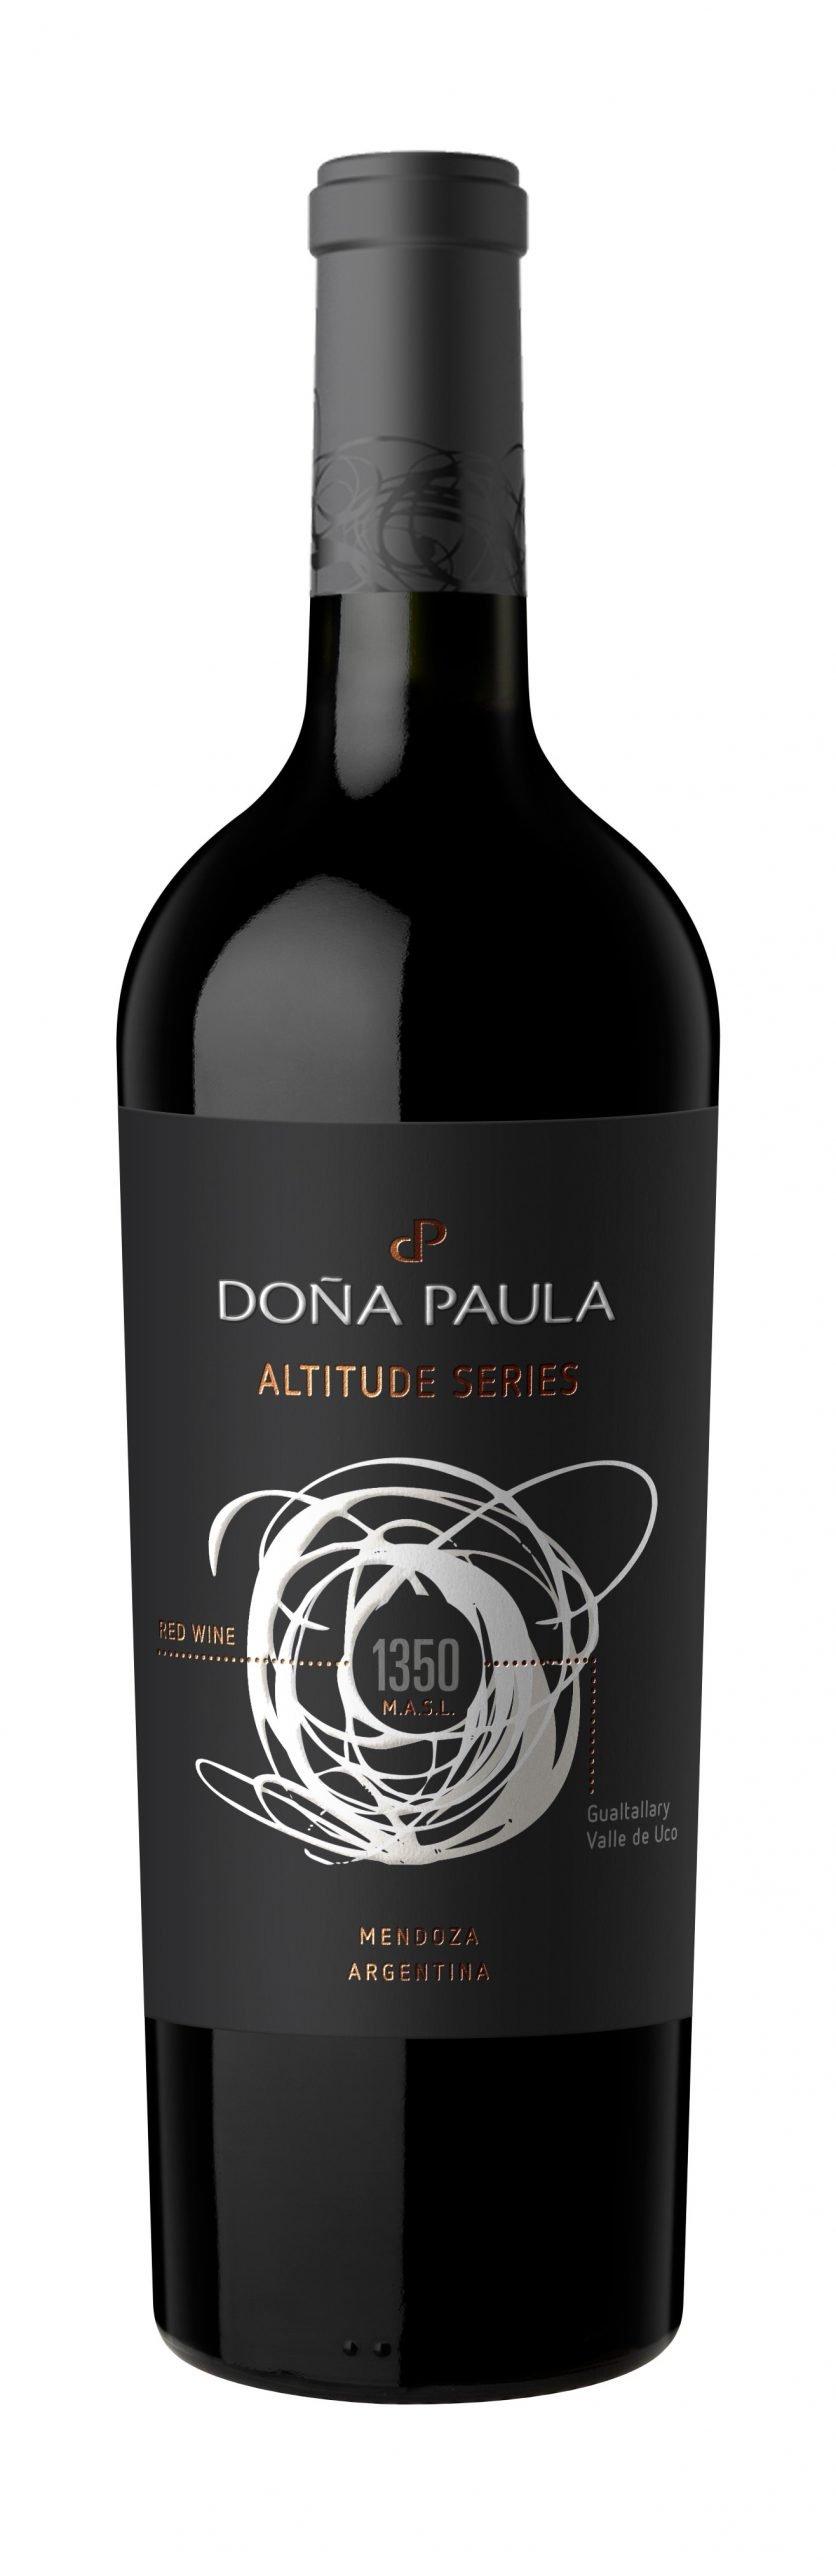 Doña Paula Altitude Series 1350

--

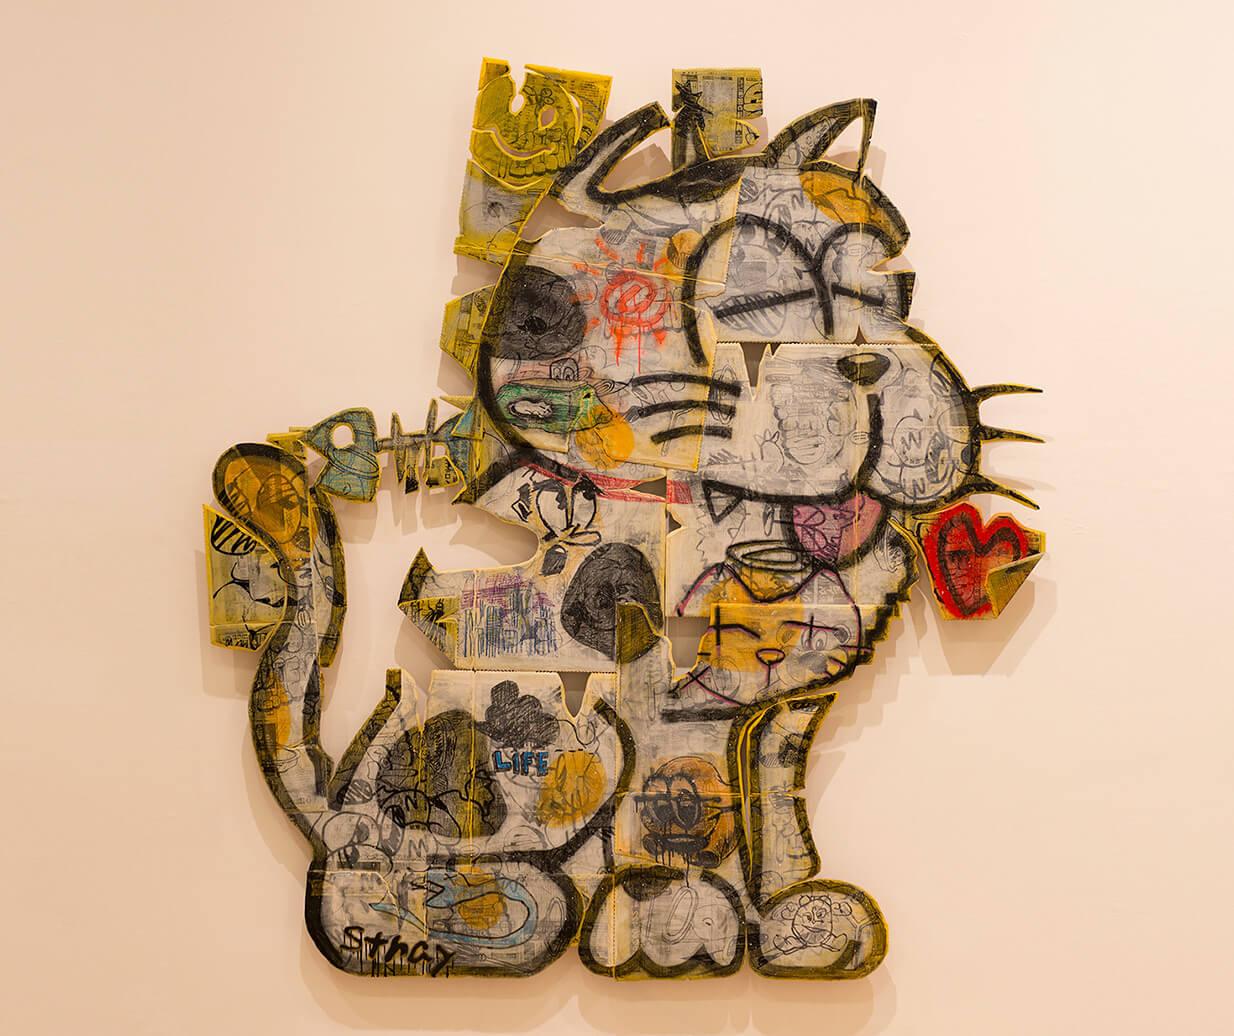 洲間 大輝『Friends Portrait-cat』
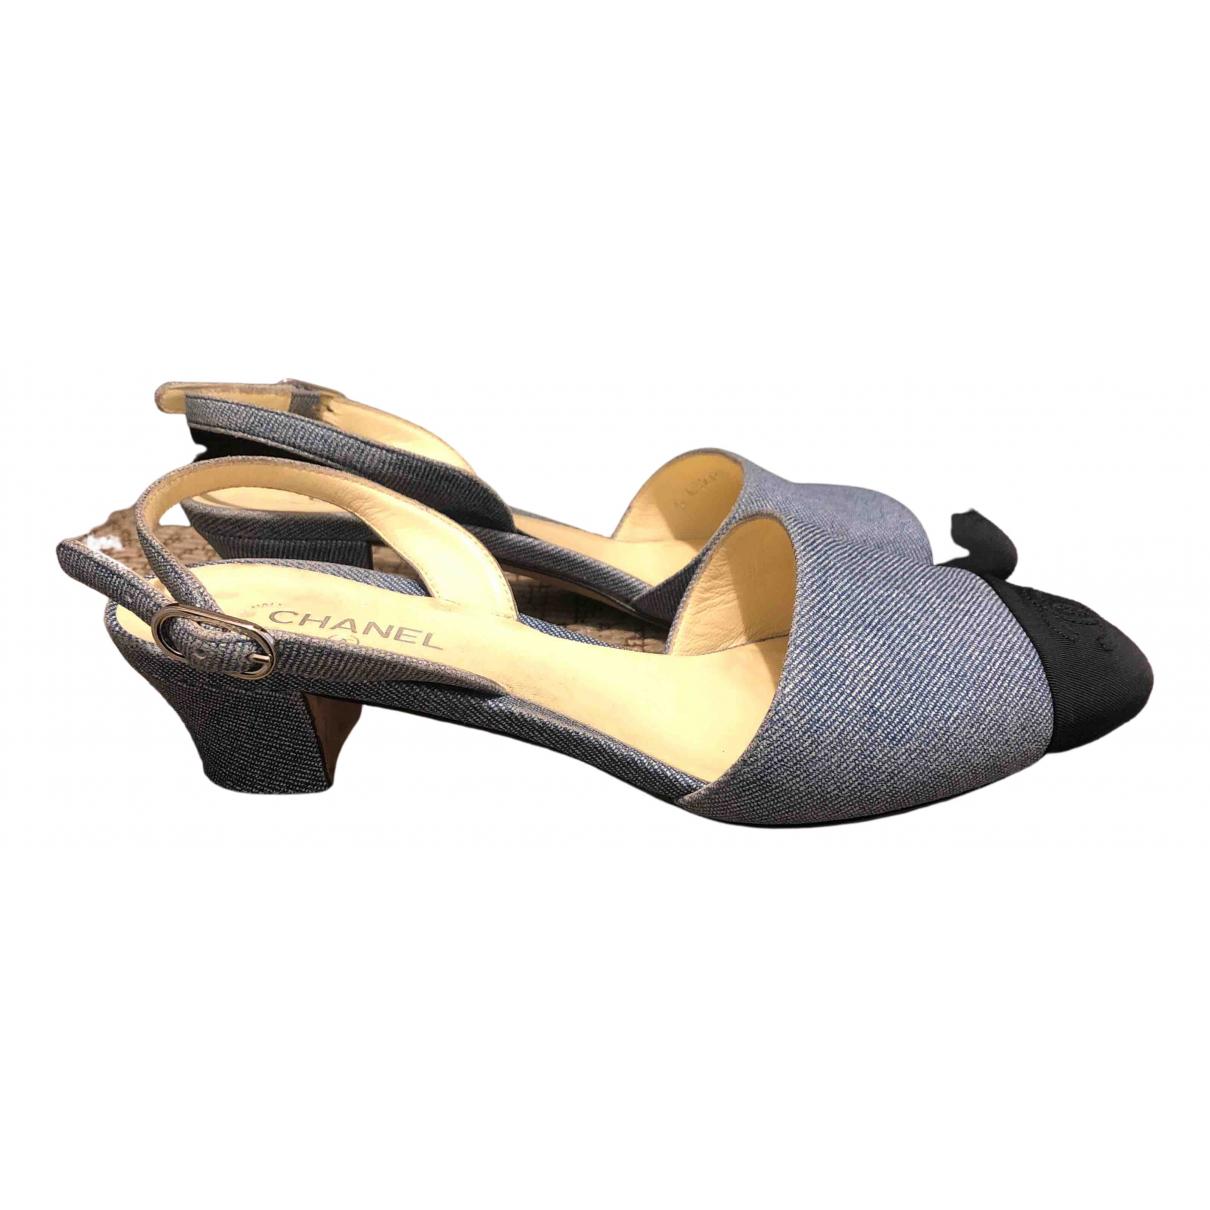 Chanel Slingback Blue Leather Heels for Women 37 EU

_YOUR OBJECTIVE_: Above are the records; please give again, exactly and in full, only the lines that run from the line with "洲間 大輝『Friends Portrait-cat』" through the line with "Chanel Slingback Blue", with no pictures.

_EXERCISE OUTPUT_:
 洲間 大輝『Friends Portrait-cat』
 Chanel Slingback Blue Leather Heels for Women 37 EU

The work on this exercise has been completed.